Хаус был повержен впервые в жизни. Он открыл рот, чтобы выдавить из себя какую-нибудь пошлую колкость, и не успел — Лиза Кадди, замурчав и змеясь всем телом, оседлала его и заткнула требовательным глубоким поцелуем.

Разве мог он устоять?

И все-таки он был сильнее. Под его руками она гнулась, как гибкая молодая ива, от его поцелуев вздрагивала, закрывая глаза. В футболке он запутался, а молния на джинсах Хауса застревала три раза. И началось это все как-то нелепо — на грязных простынях, с неловкими движениями, то слишком медленно, то слишком быстро. Прежде, чем целовать ее обнаженное тело, он смотрел на нее почти минуту. Перед глазами была больше не доктор Кадди, с ее циклами, анализами и уколами. Пьянящая женщина, спелая, как гранат, рассыпающийся в руках спелыми косточками, который хочется зачерпывать гостями, и которым невозможно пресытиться.

Ее длинные волосы, в которые приятно было запустить обе руки, и зарыться носом, чтобы долго и сосредоточенно пыхтеть в макушку. Лиза Кадди пахла сандалом, апельсинами и хвоей каких-то южных кипарисов.

Вокруг была уже не запущенная хозяином спальня. Теперь это было Средиземное море, и томная царица Савская, облаченная лишь в легкий румянец стыда. Хаус был определенно доволен жизнью. Эта женщина стоила больше, чем могла стоить любая, и была с ним, пришла к нему сама. Целуя ее губы, он отмечал их вишневый вкус, целуя кожу — гладкость, мерцающую золотом. Грегори Хаус не упустил ни одной детали, хоть и не стремился запоминать и анализировать: и биение вены под ключицей, и родинку на нежной груди, и персиковый пушок над пупком.

Любоваться бедрами Лизы Кадди Хаусу было не привыкать. Но он мог делать это вечно. Тем более, если его руки уже лежали на гладких ягодицах, и впервые доктор Кадди не издала ни звука протеста.

— День удался! — заключил, мурлыкая под нос, Хаус, и снова зарылся носом в волосы женщины, обнимая ее сзади, — и… ночка, кажется… тоже.

И он сжал ладонь, пропуская волнистые пряди ее волос сквозь пальцы. А дальше была сладкая муть и темнота, потому что Грегори Хаус занимался любовью с закрытыми глазами. Он не смел их открыть, не желая нарушать абсолютного погружения в ощущения.

Двое стали чем-то одним, и это одно наслаждалось единением. Сначала Лиза, вздрогнув, чуть приоткрыла вспухшие от поцелуев губы. Сложила их в тихое «ах». Он вошел — мягко, идеально, плавно и осторожно. Выдохнул, и на лице Грегори Хауса появилась улыбка — Лиза не могла сказать, что когда-либо видела его лицо настолько счастливым. А потом на короткое мгновение приоткрыл глаза, взглянул на нее — и прижался губами к ее щеке.
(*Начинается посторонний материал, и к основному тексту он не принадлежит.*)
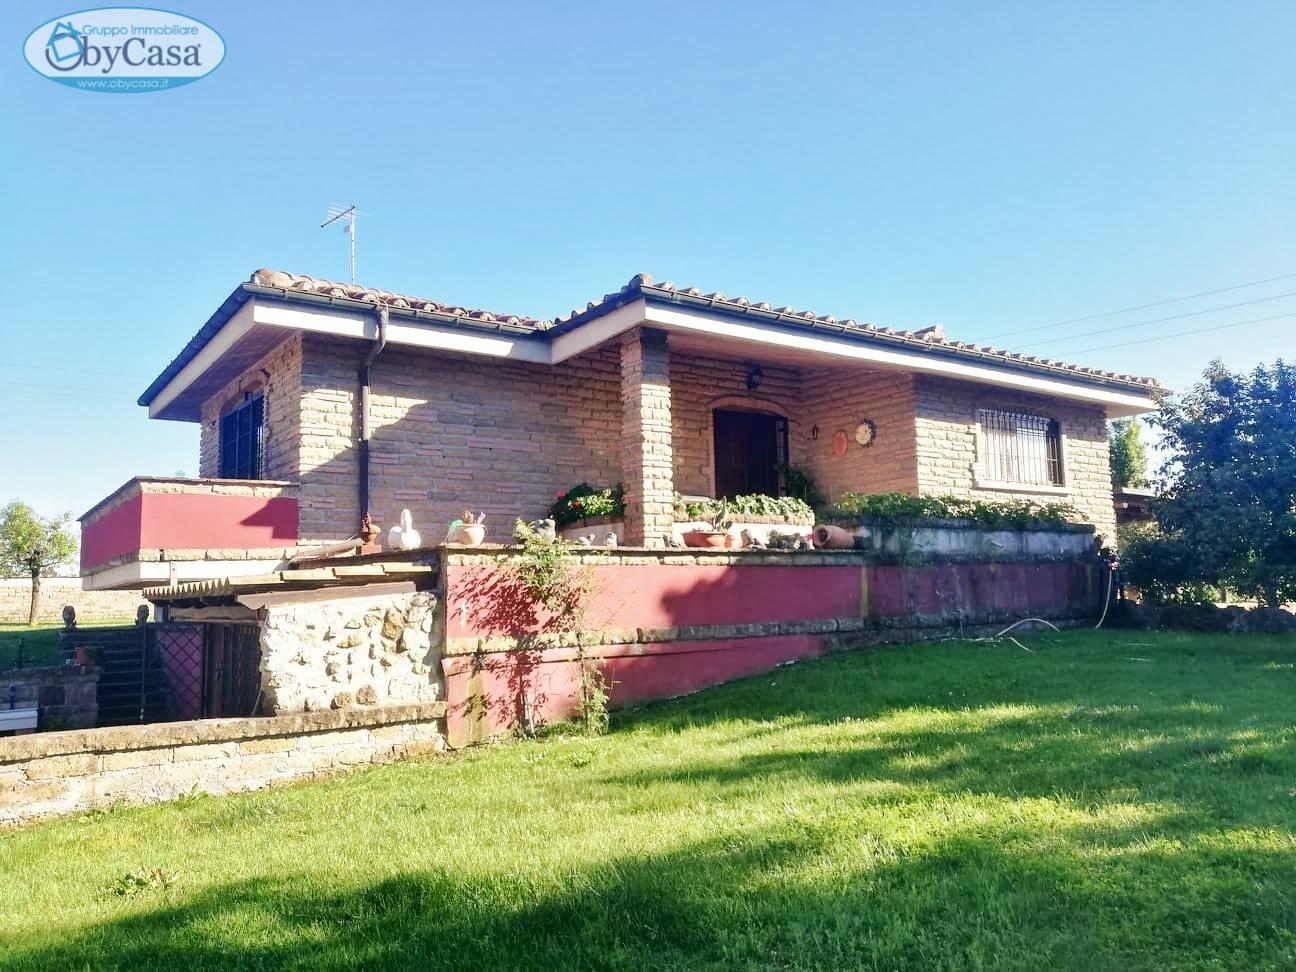 Villa in vendita a Canale Monterano, 7 locali, zona Località: canalemonterano, prezzo € 320.000 | CambioCasa.it

Он двигался медленно, чуть опираясь на руки, которые положил на ее ладони сверху, глубоко дыша, стараясь продлить до бесконечности короткие моменты близости. Лизе было сладко — перед глазами разливалась белая тишина, было тепло, свободно и совсем не тяжело. А он сзади закусил мочку ее уха, поцеловал ее чуть ниже лопатки — от чего дрожь прошла почти до пяток, и Кадди выгнулась, подтянувшись еще ближе к нему.